Apparently, the fact is that turning to people, multiplying the share by the audience, or the same thing as dividing all the predictors by the same audience, we go into the dimension relative to “one person”, and considering that the basis of my model is regression, the final estimate is a kind of weighted probability estimate relative to each predictor. It is possible that if we normalize only part of the predictors to the audience, for example, from the predictors of the first group (the sum over all pairs, for example), then this normalization would thereby bring the dimensions of all predictors closer to a single reporting system (per person), and the final regression , its response, would be nothing more than the average weighted sum of the contributions of each predictor (which characterize one person) to the total probability of viewing, then perhaps the result would be better.But at the time of the decision of the contest, I did not approach from this side and worked exclusively with a transformed response.

Model


In fact, this section had to be put higher, because it was because of this model that we had to select the type of response and the necessary predictors used for it (the model was adjusted to the data) and, one way or another, it was possible to reach an acceptable one on different predictors the result is about 15%. But I wanted that on average there was some justification for choosing specific predictors, therefore, combinations of predictors were selected for validation.

I used a model from a family of regression model trees, namely the cubist model (1992 model!), And its implementation in the package of the same name in R. Rather, the final result is the geometric mean of two sets of models, each of which consisted of 3 separate models, but in cascade: the prediction of the previous model (for 1 view) was used as a predictor for the second and third models, and the final prediction for the second view as a predictor for the third model. Both pairs of models differed slightly in predictors and intermediate adjustments, and their geometric mean was used on the basis of common sense (well, validations, with a public course), and the meaning is simple: as I wrote above, special attention is paid to zero predictions, and generally to minimal , and the geometric mean is exactly what it does: it vanishes the prediction if one of them is already zero (and this is logical if one of the models showed zero, so let it remain,than we will “delay” the prediction from zero).

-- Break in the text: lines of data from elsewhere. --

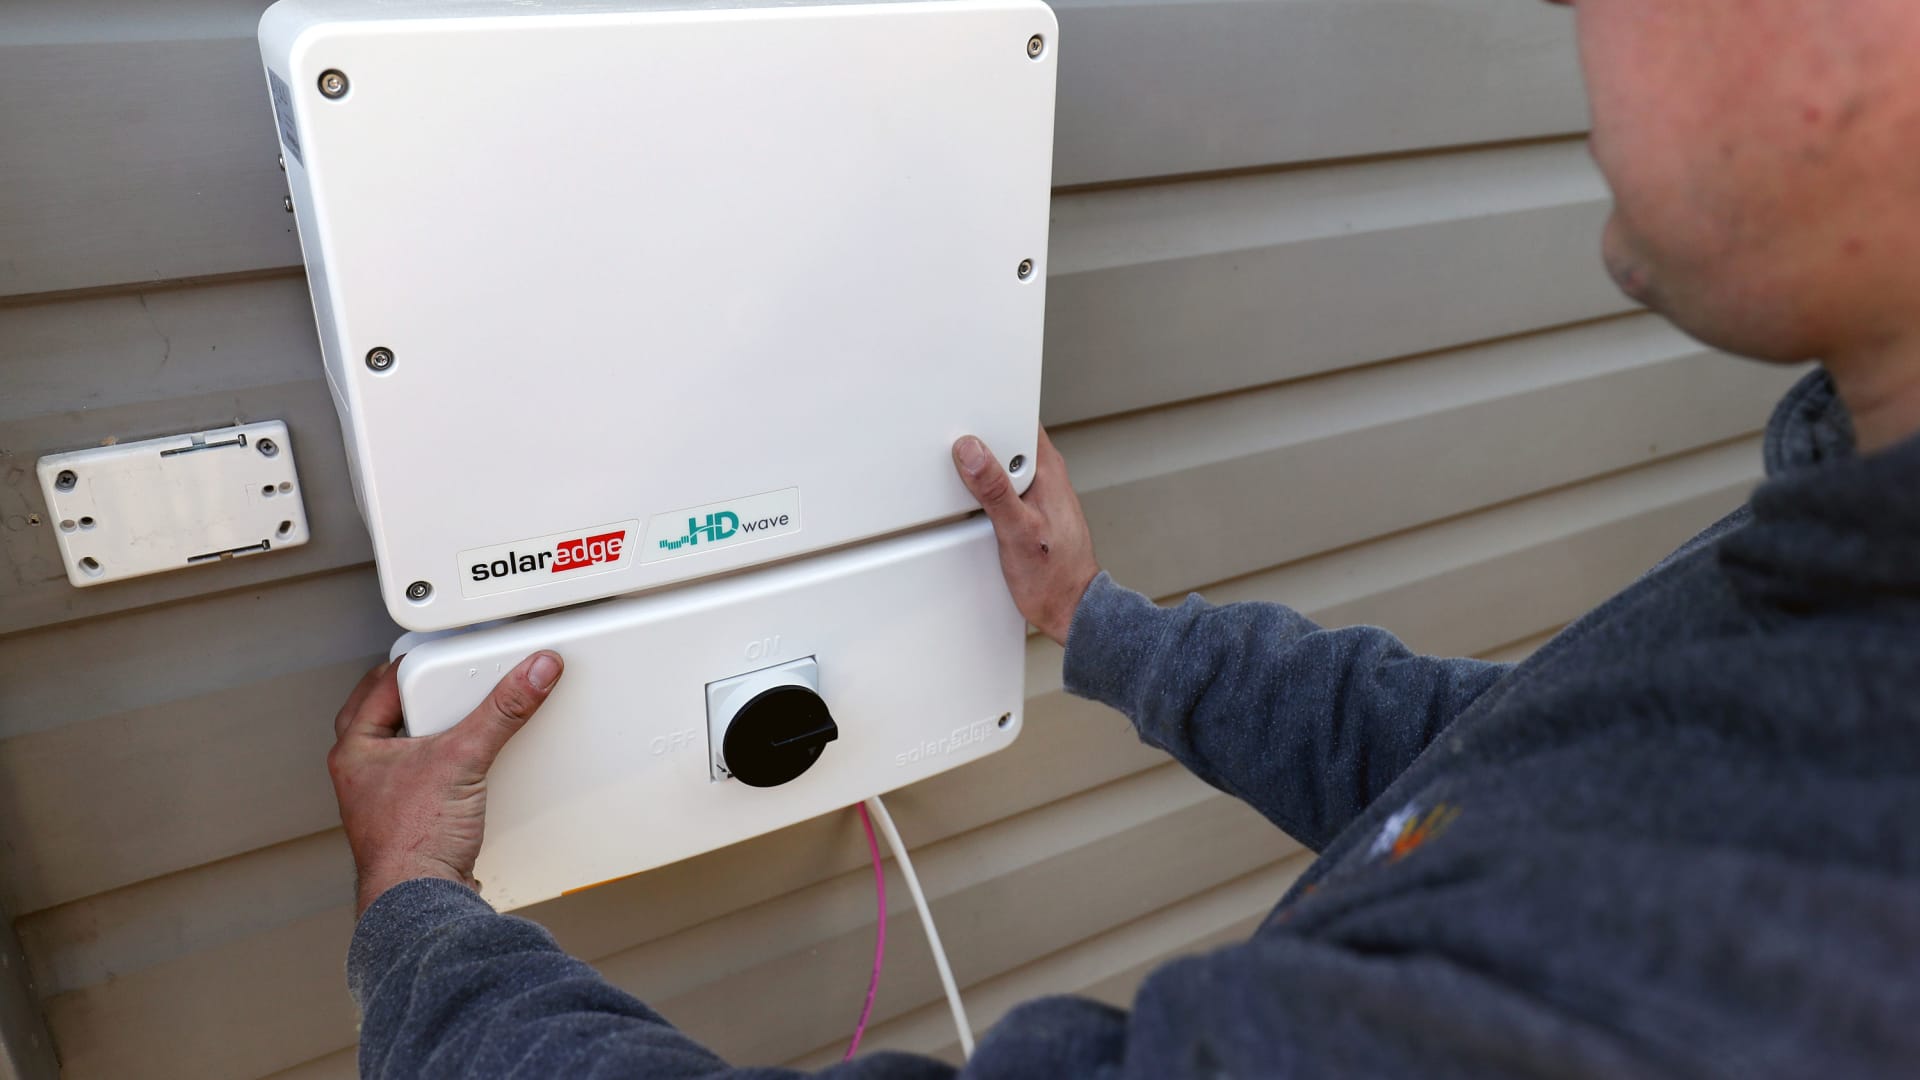 A Solarpro employee installs a SolarEdge Technologies inverter at a residential property in Sydney, Australia, on May 17, 2021.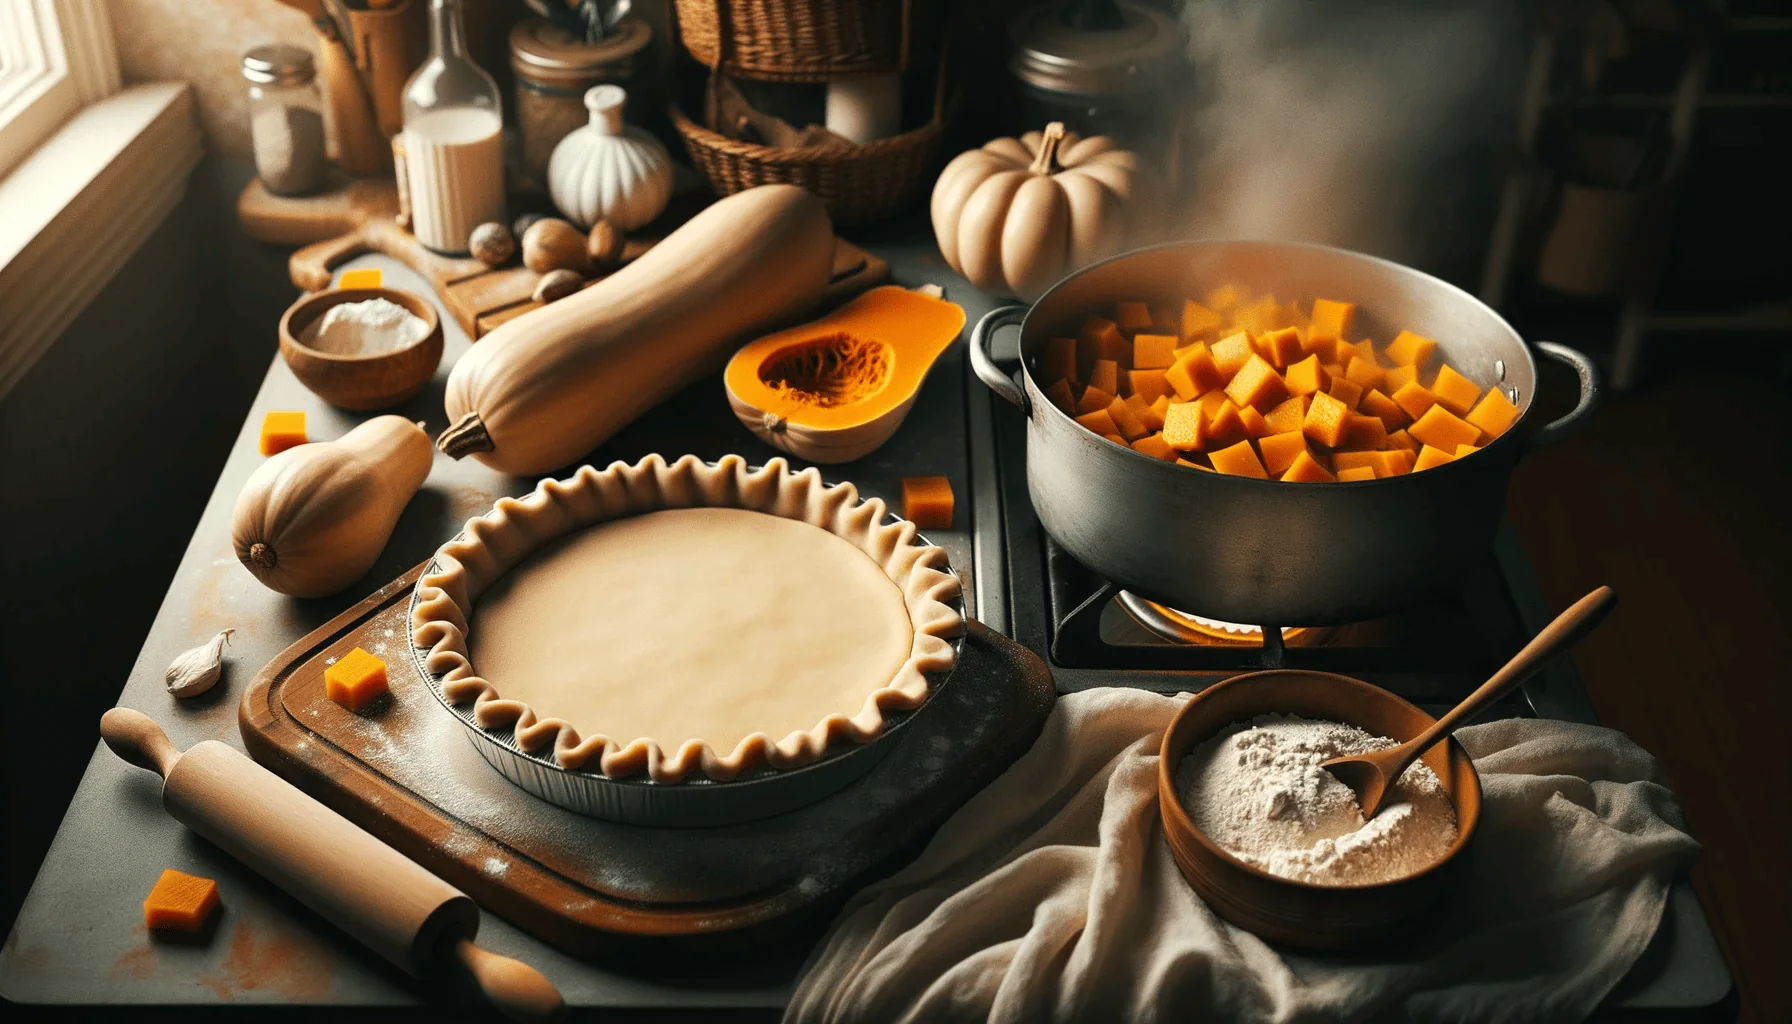 The making of butternut squash pie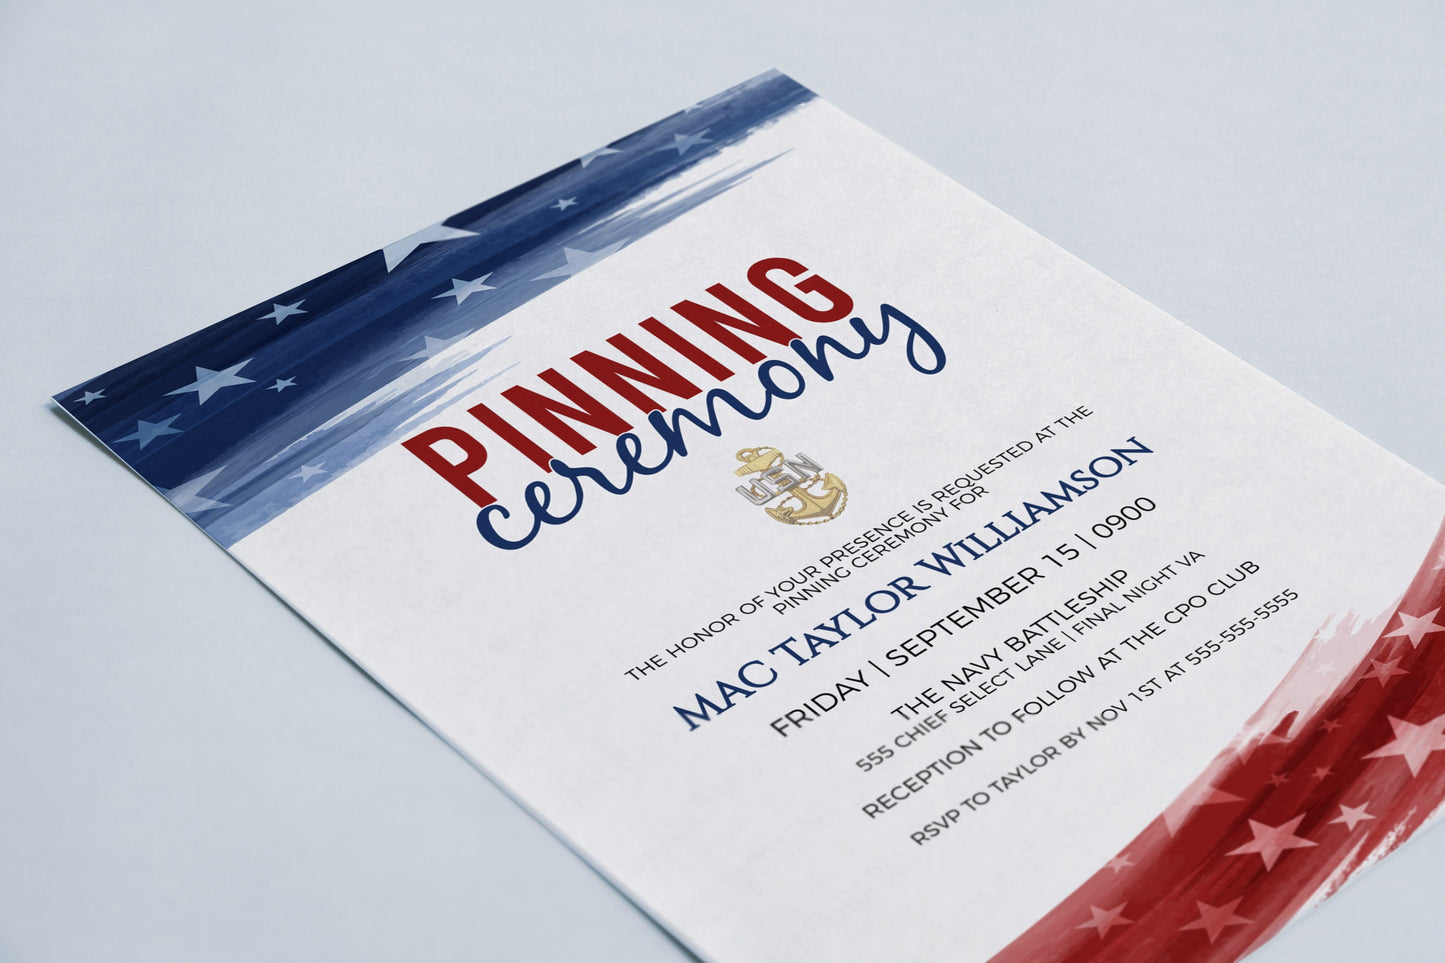 Editable CPO Pinning Ceremony Invitation, Chief Petty Officer Select Pinning Invite, United States Navy Pinning Event, Printable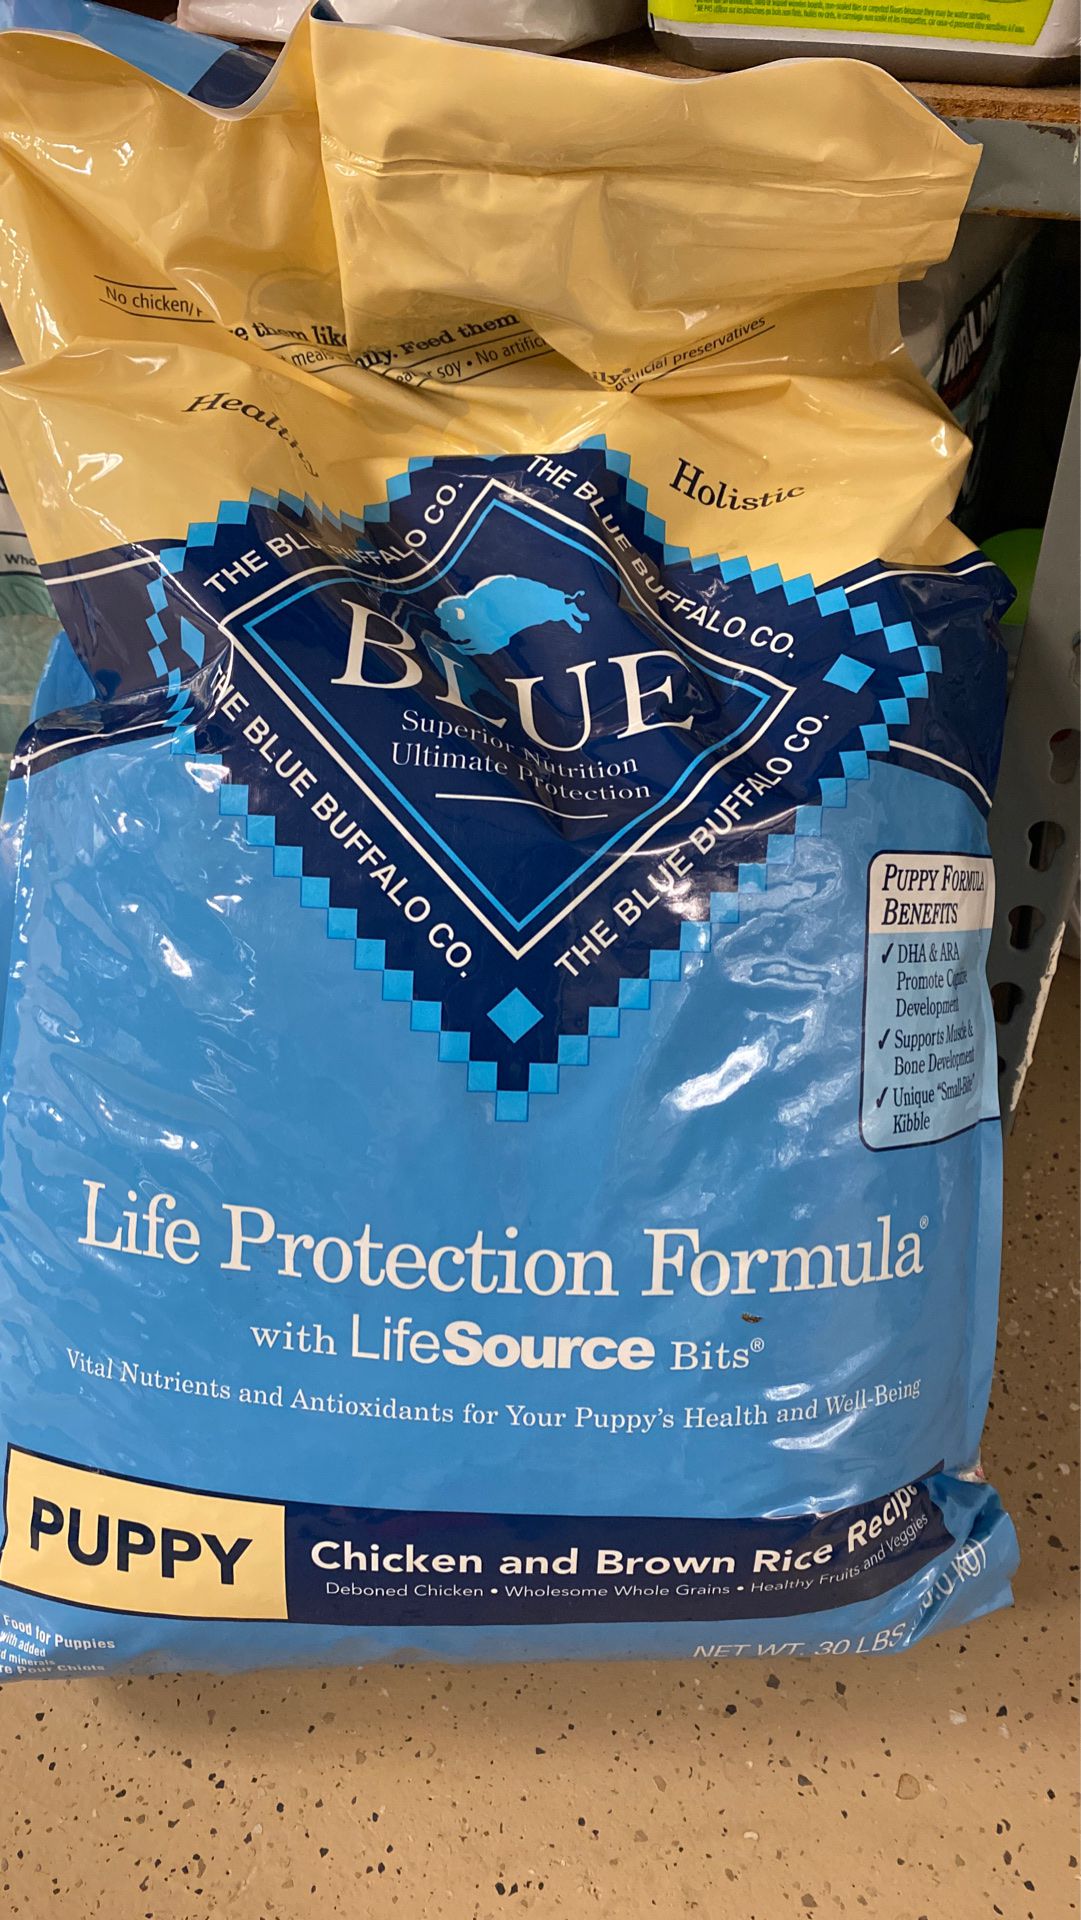 Blue Buffalo puppy chicken and brown rice 30 pound bag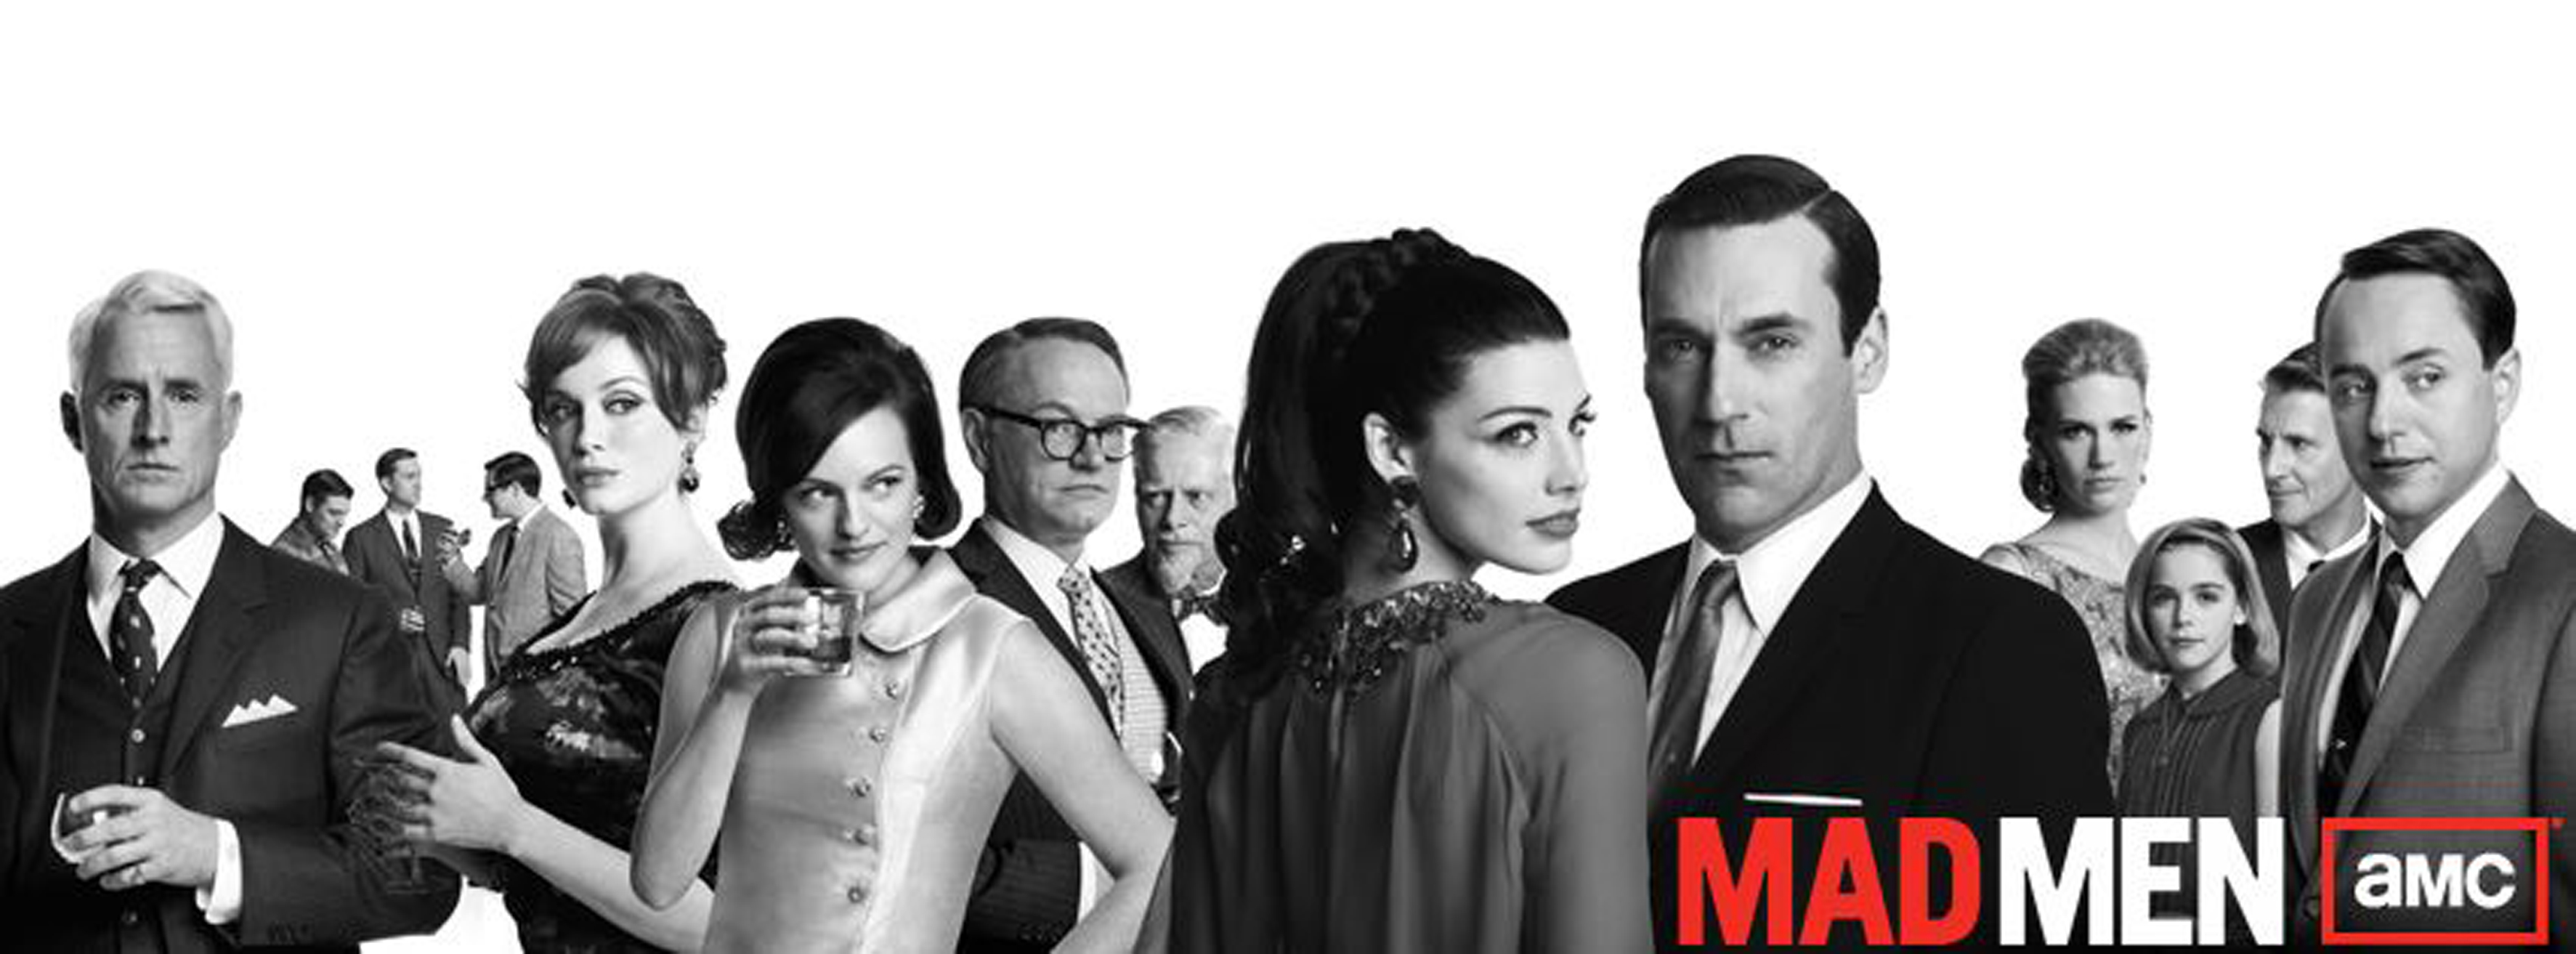 Nice Images Collection: Mad Men Desktop Wallpapers

And thanks to the cascade of models, the model indirectly “understood” (since regressions) that each subsequent response “clings” to this previously predicted answer of the previous estimate, and the remaining predictors correct the answer, which should be no more than the previous one. I also tested three separate models that predicted responses individually. The result was weaker due to the abundance of zeros in the second and third scans, the family of regressions could not quite go to 0, and when we add a “guide” to the previous estimate, which is already 0 or close to it, the resulting family of regressions also falls in the vicinity of this values ​​and adjusts only the response to the second and third viewing.

What is good about this model?

When I saw the task, I immediately remembered about this model, since at one of the previous competitions in a comparable problem (linear relationships and their corrections) it was also one of the best, and in general, we have fairly linear data here, there is an obvious relationship between the quantities views (the second is less than the first, the third is less than the second), there is little data - only 1008 observations, there are a small number of predictors, probably some kind of linear-broken dependencies. In addition, this model is very fast, the construction took several seconds, so it was convenient for her to test many hypotheses. And yet, she does not have hyperparameters (with the exception of neighbors (another parameter is a corrective forecast), which I did not use), on which I could retrain.

How is the prediction in this model for one tree?
, , 100 ( , , 10-20 ), , , , : ( ), , ( , ) .

, , .

Adjustments


In addition, small adjustments of predictions were used, namely: when switching from the absolute number of people to their shares, situations of very small values ​​(positive, a little more than 0, or more than 1) potentially occurred, and if in the case of values ​​more than 1, their adjustment did not play a greater role (probably there were few such flights, and if they were, then not significant), but in the case of small values, it was relatively critical. By reasoning, it was accepted that if I predict, for example, 1 person (or 0.5 people, rounding was not carried out), then with a maximum audience of 2500 (this is completely unknown with the known data in the train, which really happens on the test data), which is 0.0004 (by the way, and in the train, the minimum value is 0.0004),it means somewhere in the vicinity of this value it is necessary to turn lower values ​​to 0, and given that my models are built in a chain, the construction of the next model and its predictions depends on the predicted zero, etc. it influenced quite a lot.

It didn’t make much sense to select a threshold for validation (because the model adjusts to this data anyway, and I know the distribution), so I glanced at the public (for some selected values), but in the end I left for one of the three models a beautiful rounding threshold of 0.0005, and for the second theoretical 0.0004.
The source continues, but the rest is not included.